Булгаков своего «Александра Пушкина» на сцене так никогда и не увидел. Шли «Дни Турбиных»... Шли «Мертвые души»... Критика хвалила актеров. Имя драматурга упоминалось в печати редко, как малоинтересная подробность...
В марте 1932 года во МХАТе начались репетиции пьесы «Мольер». К этому времени Станиславский добился для своего театра, уже занявшего особое, почетное положение в стране, разрешения работать над спектаклями как угодно долго. И к пьесе Булгакова это разрешение впервые было применено в полной мере.

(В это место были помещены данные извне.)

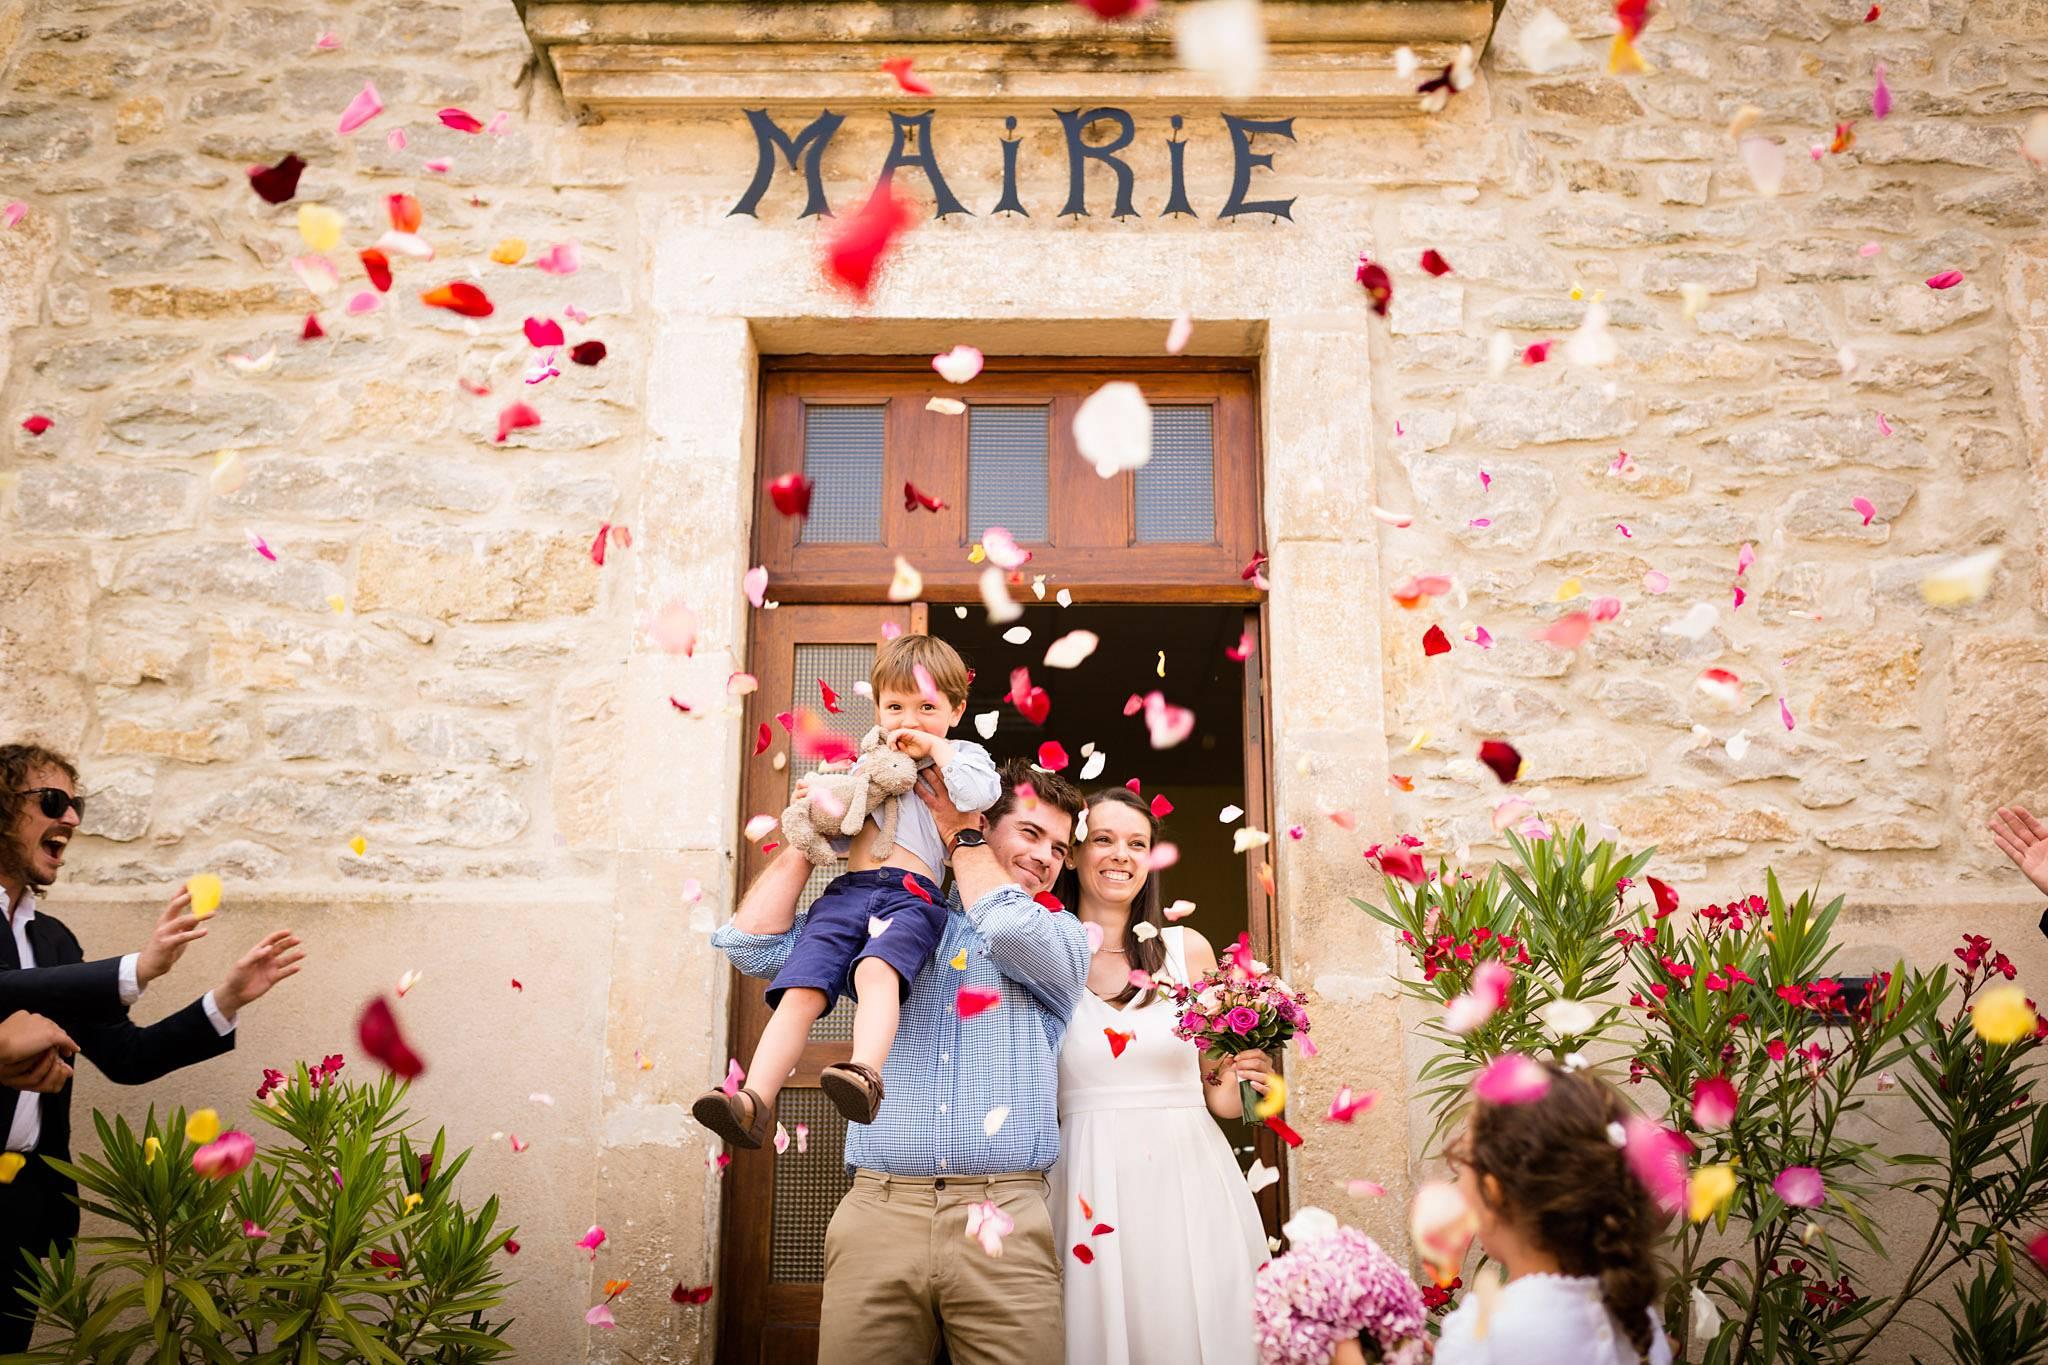 Quelques photos du mariage en Ardèche au Château Liviers d'Oriane et Guillaume, de leur cérémonie civile et laïque dans un cadre naturel avec Photobooth.

Репетиции шли и в 1932 году, и в 1933-м, и в 1934-м. Дважды менялся состав исполнителей. Дважды менялись художник спектакля и план постановки. Спектакль переносили с Большой сцены на сцену филиала и обратно. Раздражались актеры. В. Станицын, репетировавший роль Мольера, говорил: «Еще два года, и я не сумею играть в «Мольере»: толстею, начинаю задыхаться. Весь первый акт построен на движении, на физических задачах. Раньше мне было легко проводить первый акт, а теперь уже тяжело...»12 Б. Ливанов, игравший Муаррона, говорил, что уже ненавидит и роль свою, и самую пьесу. За годы то прекращающихся, то возобновляющихся репетиций он сыграл уже сорок образов Муаррона: «Я не могу возобновлять старое, это все равно что подогретые котлеты»13. Неизменной оставалась только пьеса, и никто не замечал, как в репетициях терялась ее мысль и подлинное содержание образов расплывалось.
Режиссером спектакля был Николай Горчаков. Вполне ли он понимал пьесу, которую ставил? Из многочисленных выступлений его в печати в канун премьеры и из более поздней книги мемуаров («Режиссерские уроки К.С. Станиславского», 1952) этого не видно. «Ну что ж, ну, репетируем, — писал Булгаков П.С. Попову в марте 1934 года. — Но редко, медленно. И, скажу по секрету, смотрю на это мрачно... Но работаю на этих редких репетициях много и азартно. Ничего не поделаешь со сценической кровью!»
Он был сорежиссером в спектакле «Мольер» и одновременно, режиссером же, работал над постановкой «Пиквикского клуба», в котором сыграл свою единственную актерскую роль во МХАТе (говорят, очень удачно) — роль судьи. «Пиквикский клуб», начатый значительно позже, вышел на сцену. А «Мольера» репетировали...
В марте 1935 года замученную трехлетними репетициями пьесу, уже разученную наизусть, но все еще без костюмов и декораций, показали Станиславскому. Семидесятидвухлетний режиссер, который так ценил драматургическое мастерство Булгакова и к пьесе относился весьма положительно, к этому времени пьесу, по его собственному признанию, уже забыл. С присущим ему острым интересом он смотрел фрагменты постановки и тут же с изумлением отметил, что идея пьесы ускользает от него.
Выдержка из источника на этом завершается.